Advocacy News and Action Items

Bloomberg News: SEC Plans to Drop Its 13F Proposal

On October 27, Bloomberg News, citing people familiar with the matter, reported that the U.S. Securities and Exchange Commission was planning to withdraw its proposed amendments to its Form 13F disclosure rules. The SEC has not officially confirmed that it plans to abandon this proposal. 

Assuming that this Bloomberg News story is accurate, NIRI is pleased to hear that the SEC has listened to the nearly unanimous views of the hundreds of issuers, investors, and assocations that objected to this proposal. Overall, the SEC received more than 2,260 comments and letters on 13F; 99 percent oppposed the SEC's proposed amendments, according to Goldman Sachs.   

In particular, NIRI thanks the 250 public companies, 28 counseling firms, and five other associations that signed on to NIRI letters opposing these proposed rules. Those letters can be found here and here. The 250 issuers that participated in this effort have a combined market capitalization of almost $3 trillion. NIRI also was joined by Nareit, the Federation of American Hospitals, the Insured Retirement Institute, the Independent Petroleum Association of America, and the Chief Executives for Corporate Purpose's CEO Investor Forum.

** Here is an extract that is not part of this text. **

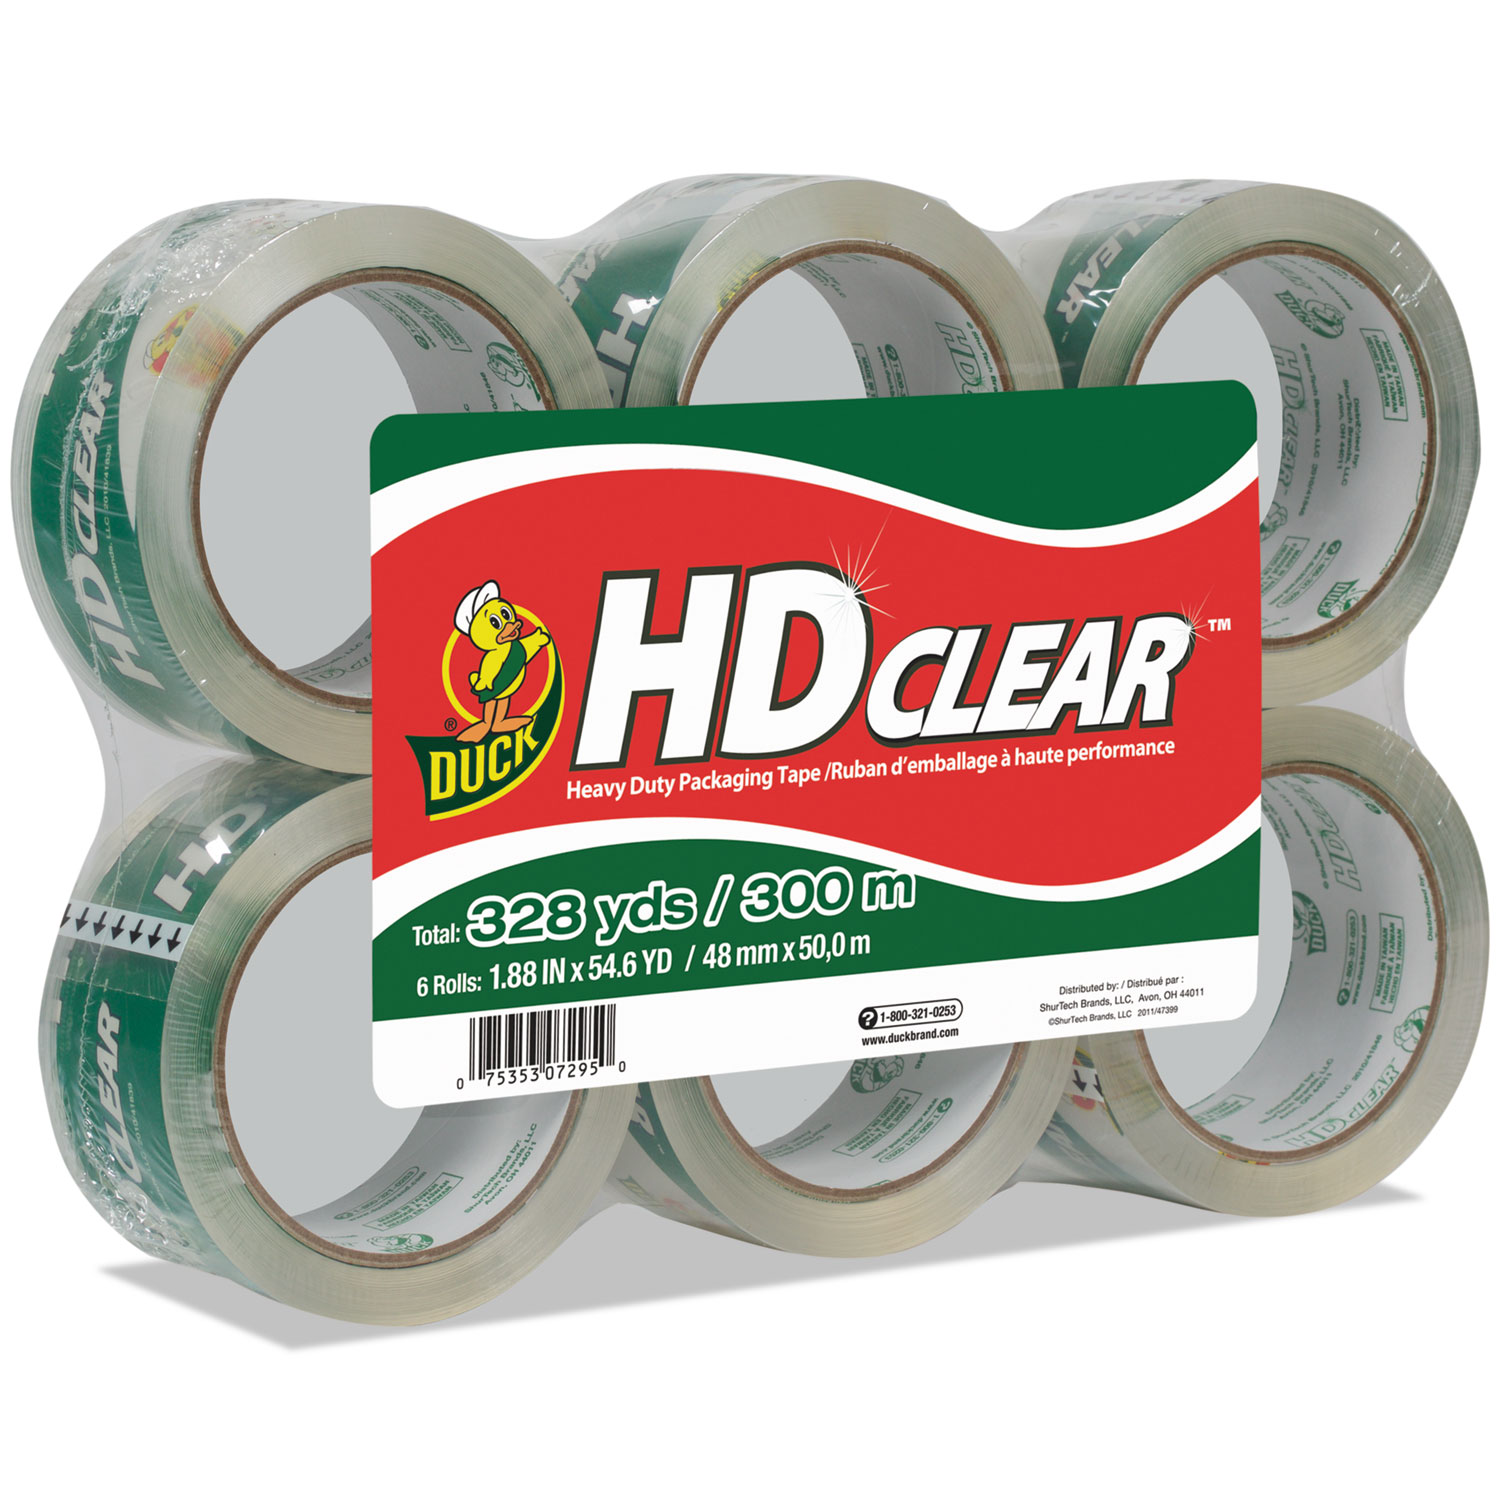 Heavy-Duty Carton Packaging Tape, 1.88 x 55yds, Clear, 6 Rolls

NIRI, which engaged with a wide range of business groups on this issue, was pleased to see many other associations submit their own comment letters, including the Society for Corporate Governance, the U.S. Chamber of Commerce, the National Association of Manufacturers, the Business Roundtable, BIO, AdvaMed, and the Edison Electric Institute. NYSENasdaq, and hundreds of their listed companies also have weighed in against the SEC's 13F proposal. 

NIRI also is grateful that 11 NIRI chapters and dozens of public companies sent in their own letters. (Links to the chapter letters and examples of company letters can be found below.)  

On the shareholder side, the Council of Institutional InvestorsCalPERS, the Investment Company Institute, university investment officials, the CFA Institutelabor unions, the Consumer Federation of America, and hundreds of retail investors also voiced opposition to the SEC's 13F proposal. 

NIRI also thanks the lawmakers who opposed this rulemaking, including U.S. Rep. Maxine Waters (D-CA), who chairs the House Financial Services Committee, and U.S. Senators Tammy Baldwin (D-WI), Sherrod Brown (D-OH), Jack Reed (D-RI), and Chris Van Hollen (D-MD). 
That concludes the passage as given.